» DIRECTIONS FOR THIS TASK
Repeat the data that follows in full. Do not include the pictures.

» INFORMATION PROVIDED
# # # # #

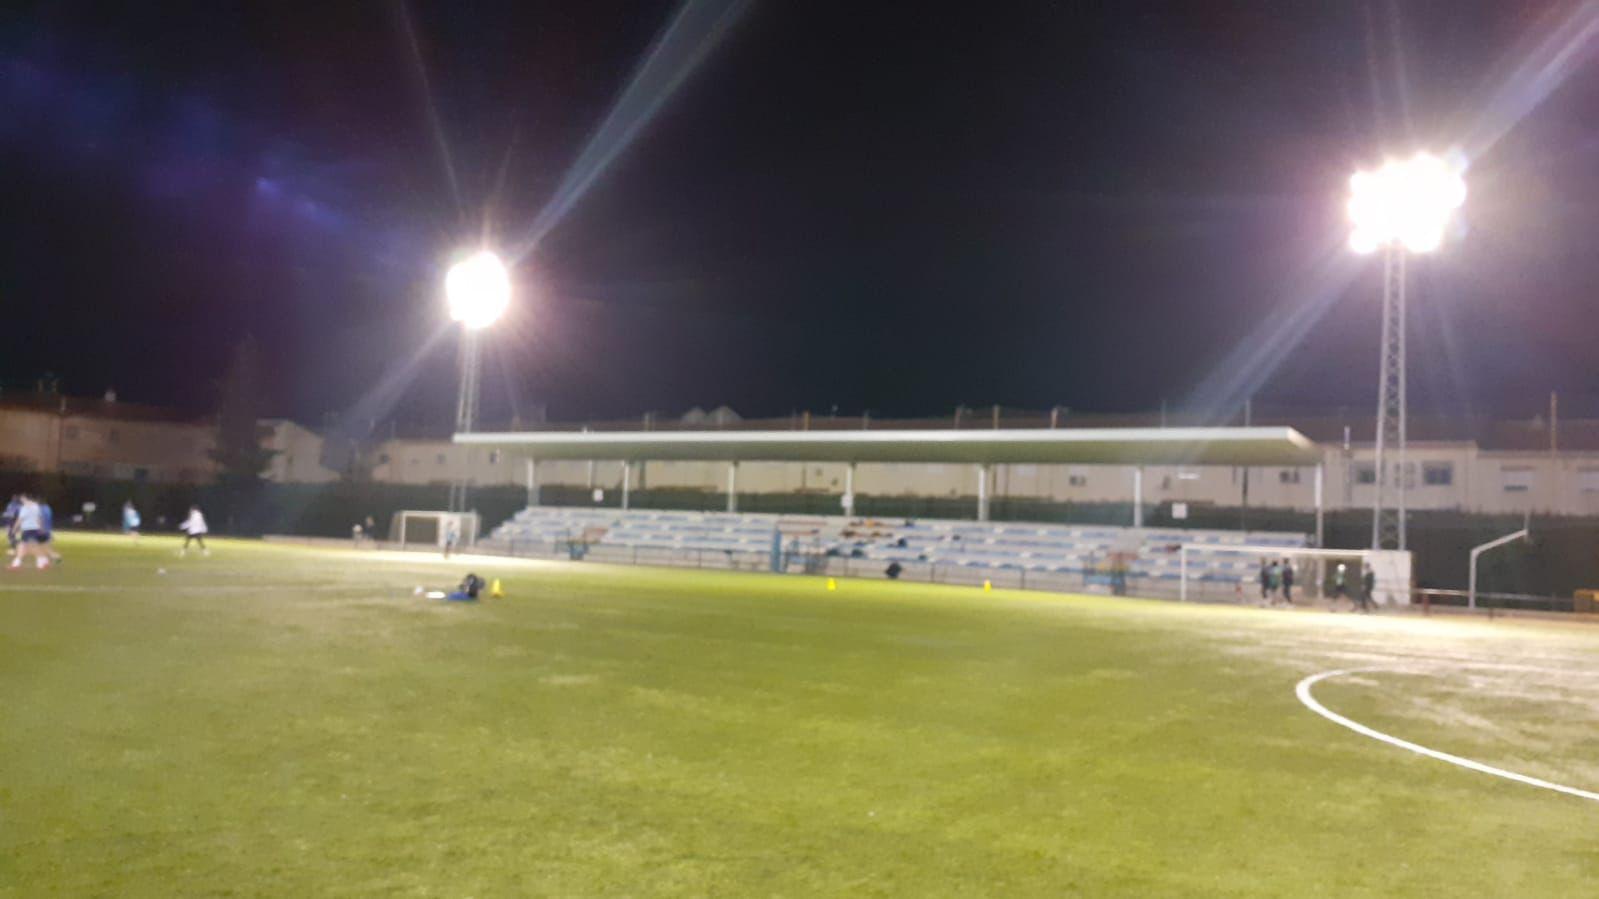 Mejoran la iluminación del campo de fútbol 'El Molino' de Vegas del Genil
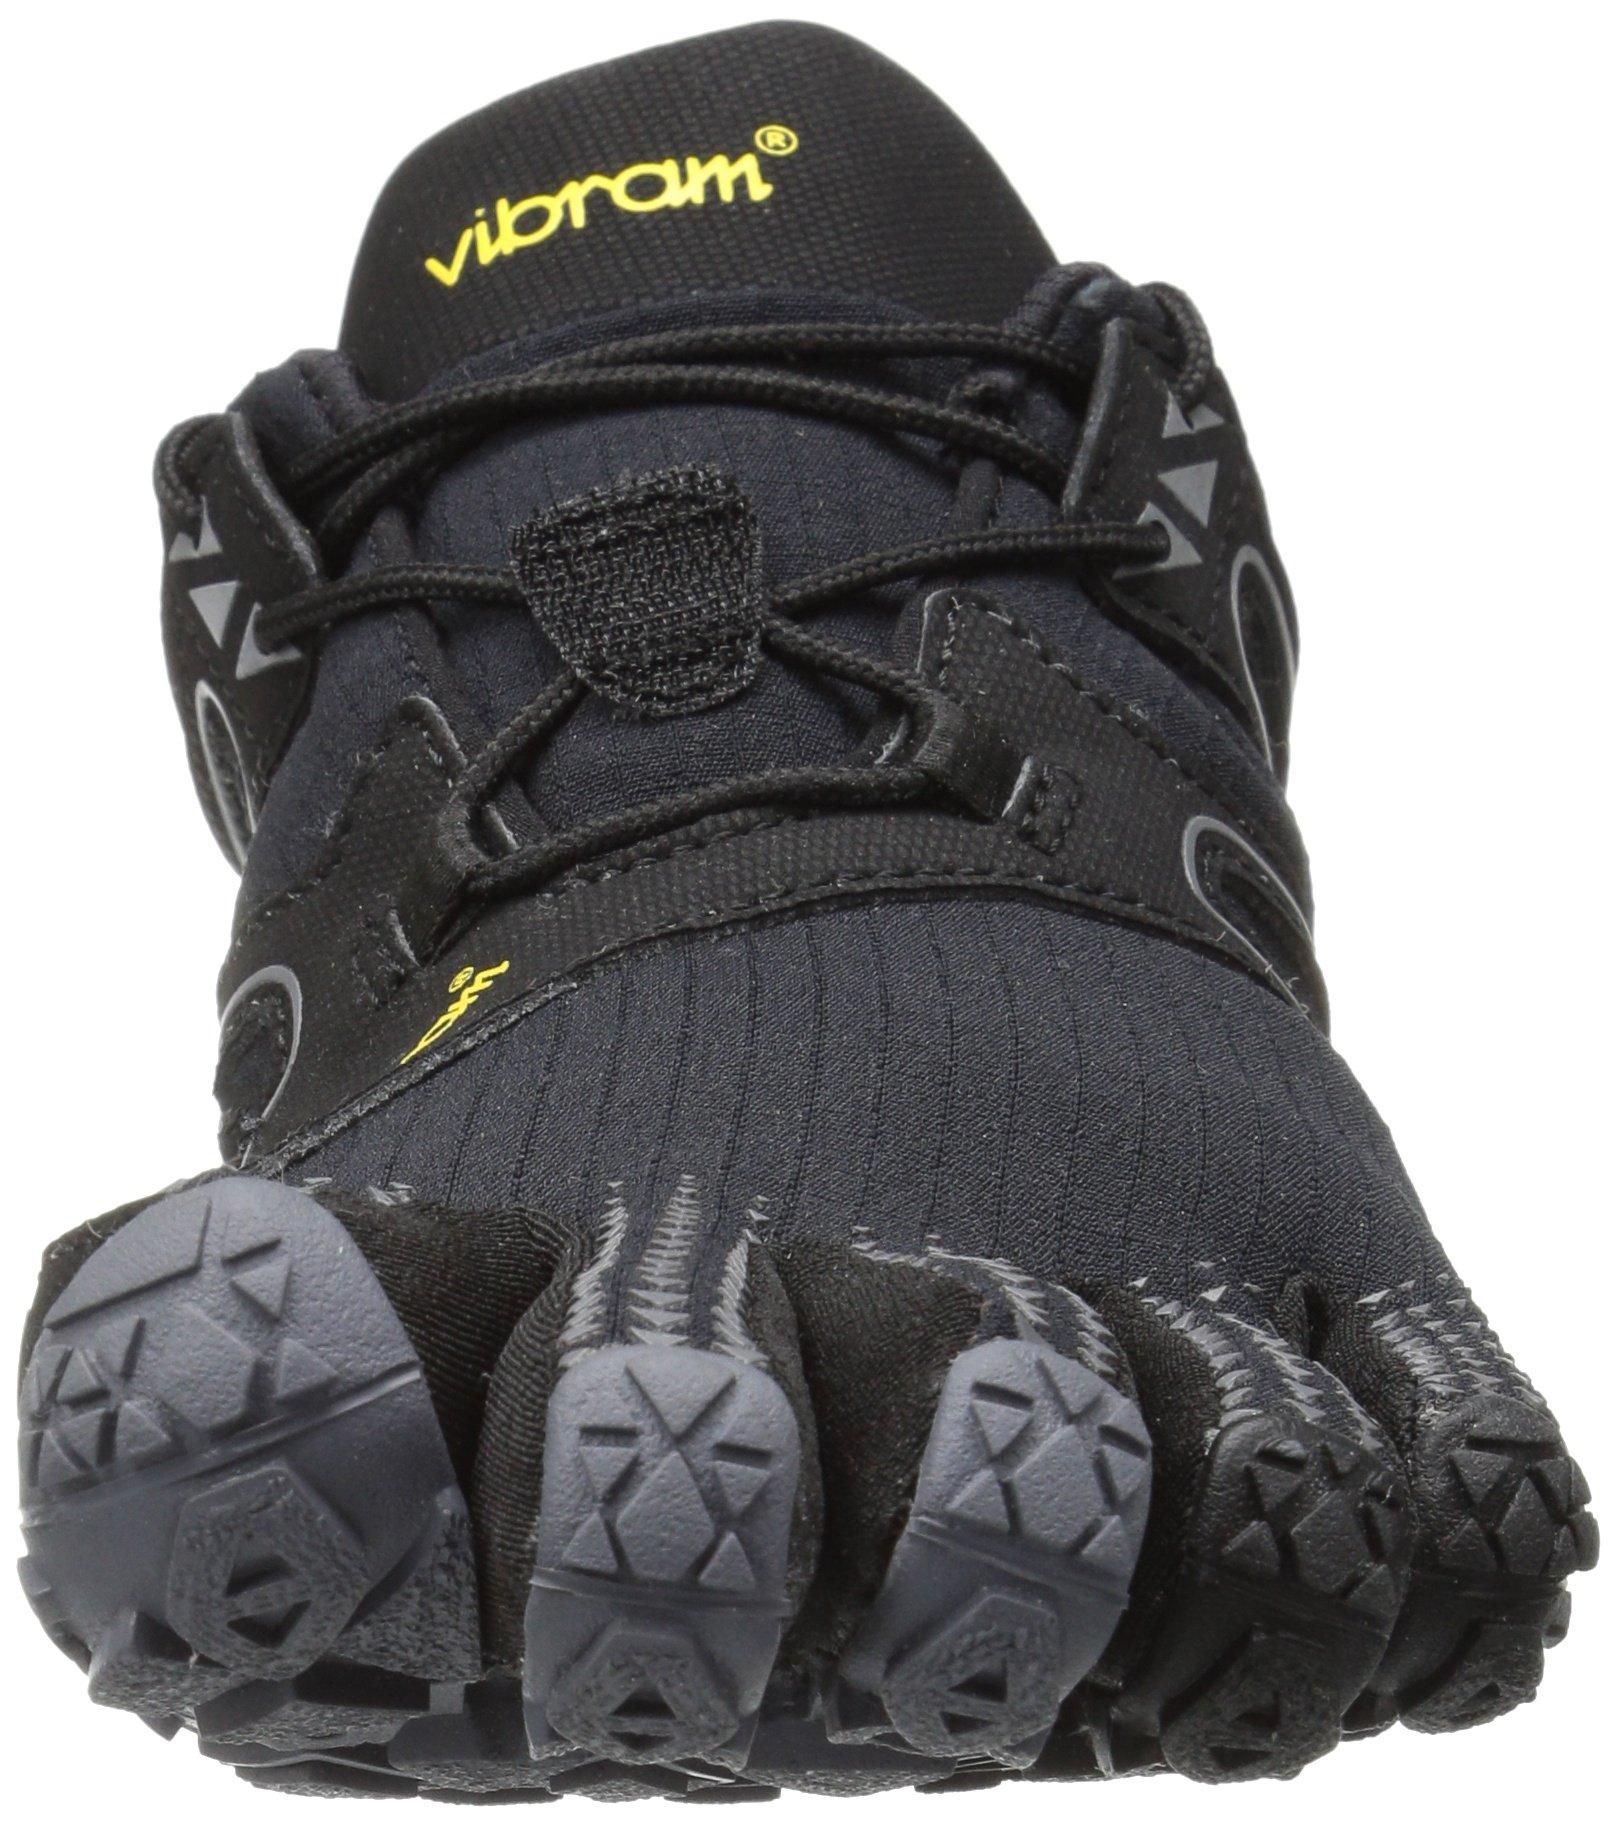 Vibram Women's V Trail Runner, Black/Grey, 41 EU/9 M US by Vibram (Image #4)
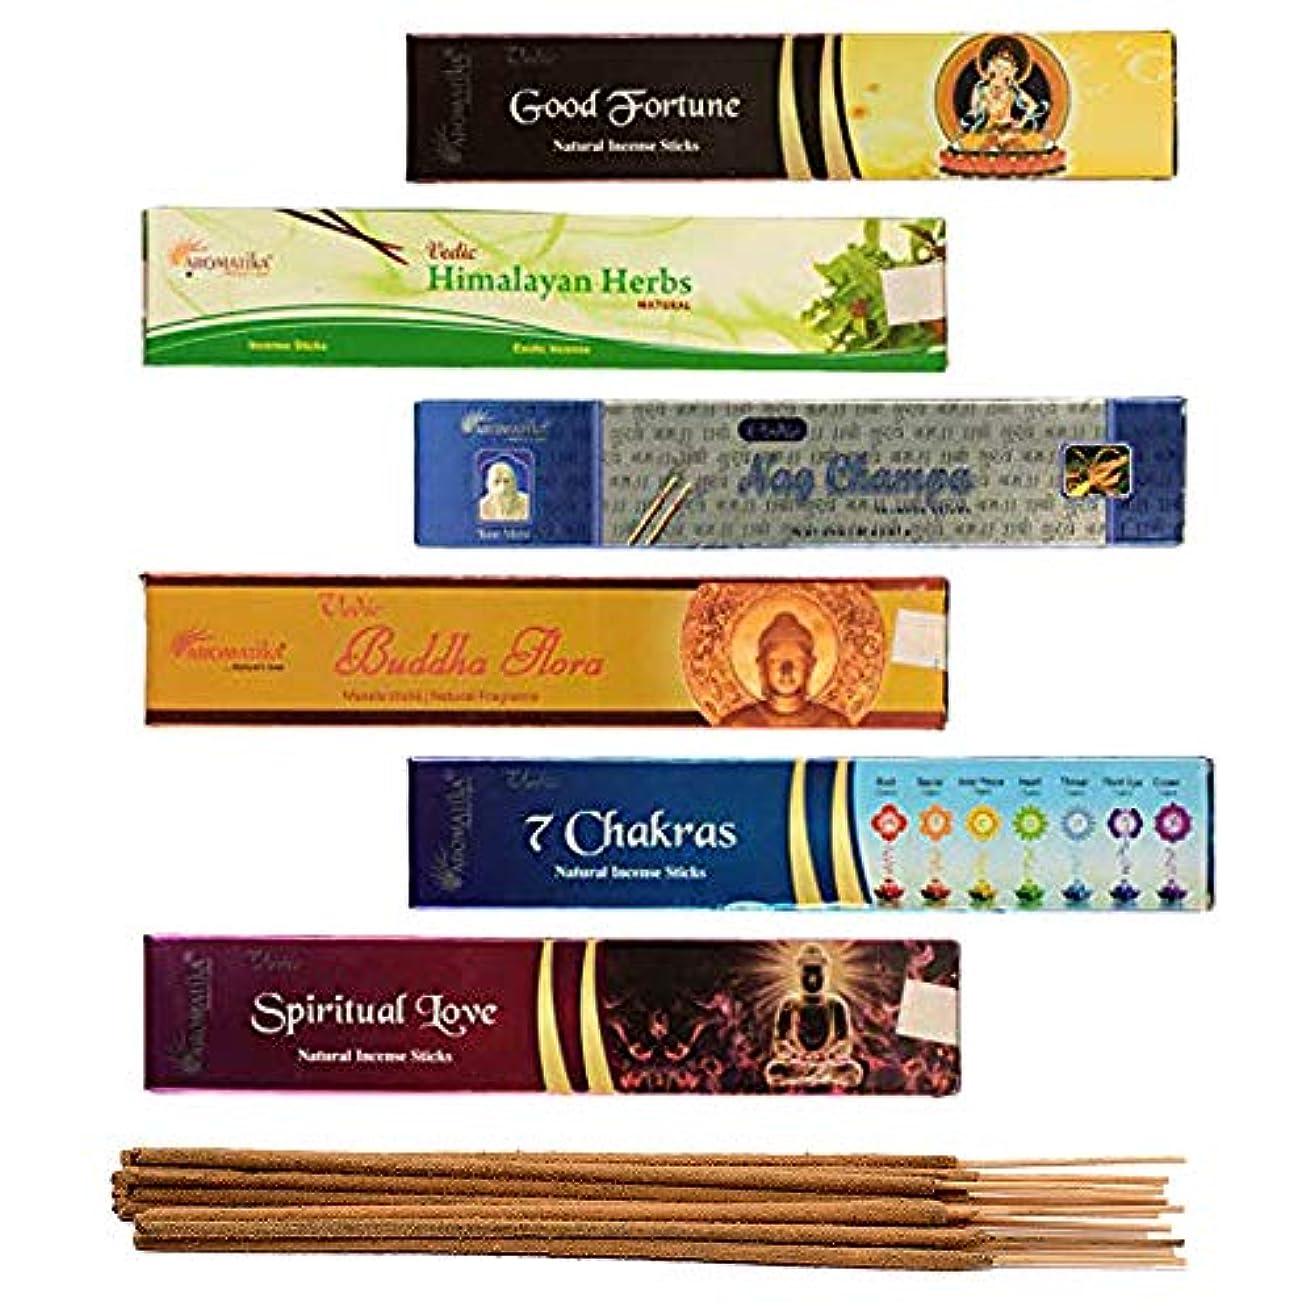 ナンセンスクッションラッドヤードキップリングaromatika 6 Assorted Masala Incense Sticks Vedic Nag Champa、7チャクラ、ブッダFlora、Himalayanハーブ、Good Fortune、Spiritual...
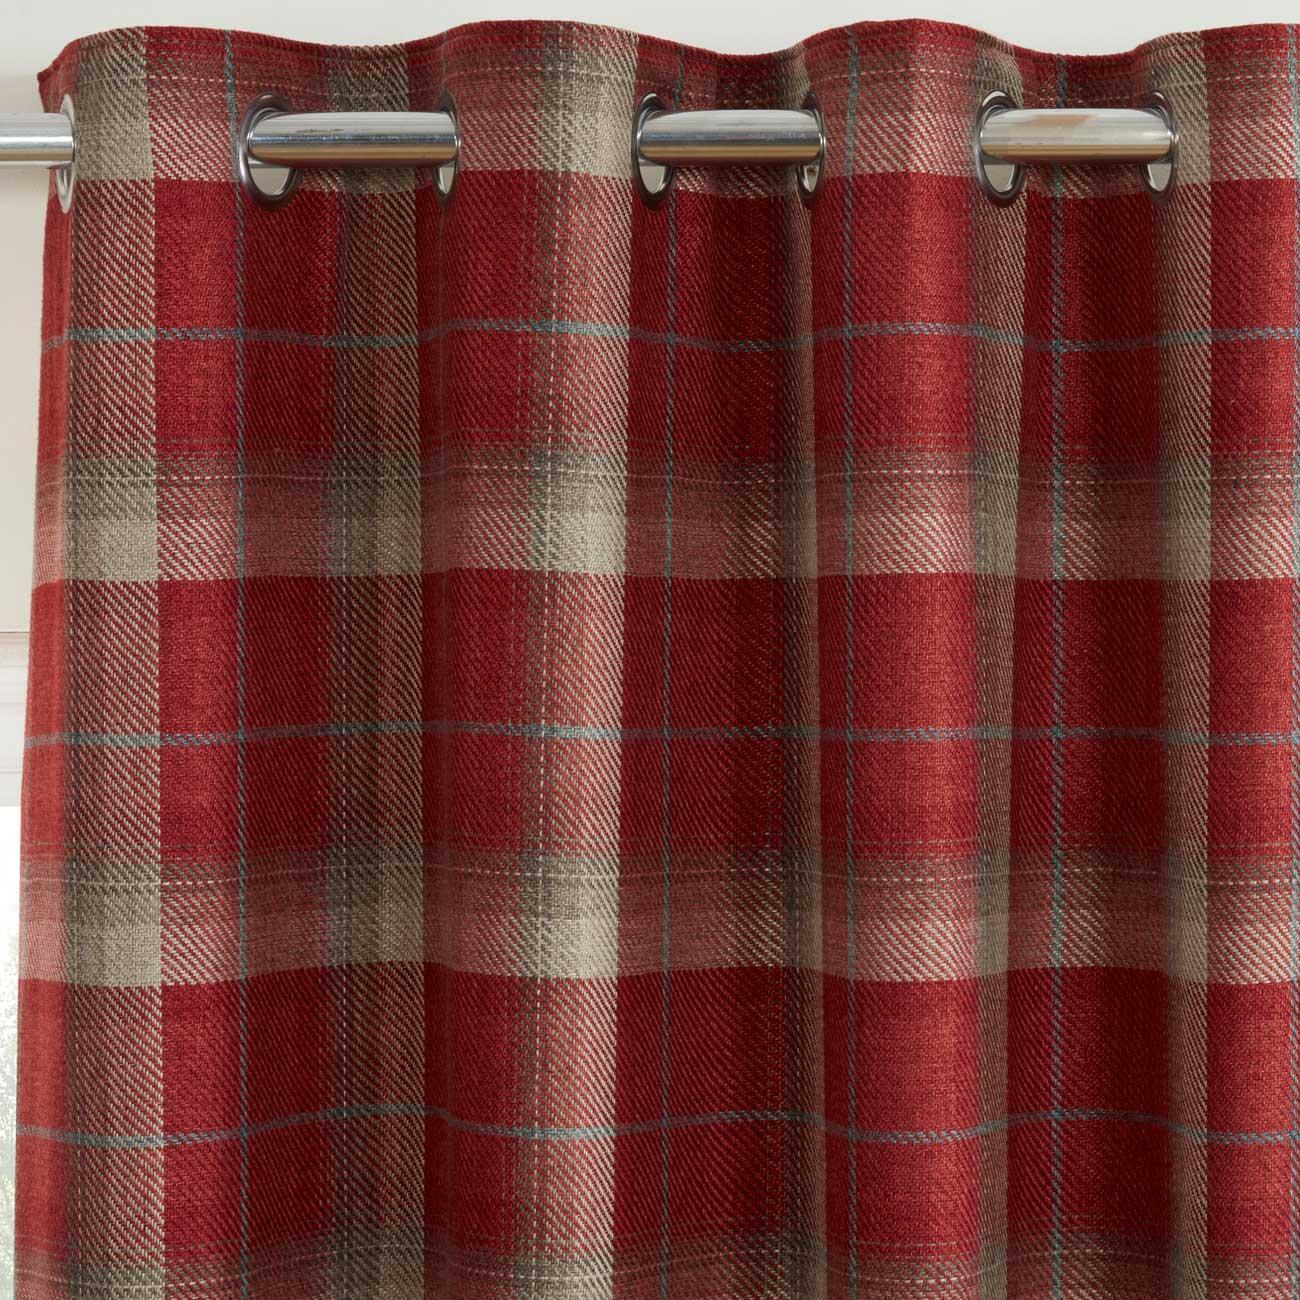 Cortinas-DE-ORIFICIOS-Rojo-Blackout-Tartan-Check-Ready-Made-acogedor-Anillo-Superior-Cortina-Pares miniatura 13

# # # # #

» ANSWER
 Mejoran la iluminación del campo de fútbol 'El Molino' de Vegas del Genil
 Vibram Women's V Trail Runner, Black/Grey, 41 EU/9 M US by Vibram (Image #4)
 ナンセンスクッションラッドヤードキップリングaromatika 6 Assorted Masala Incense Sticks Vedic Nag Champa、7チャクラ、ブッダFlora、Himalayanハーブ、Good Fortune、Spiritual...
 Cortinas-DE-ORIFICIOS-Rojo-Blackout-Tartan-Check-Ready-Made-acogedor-Anillo-Superior-Cortina-Pares miniatura 13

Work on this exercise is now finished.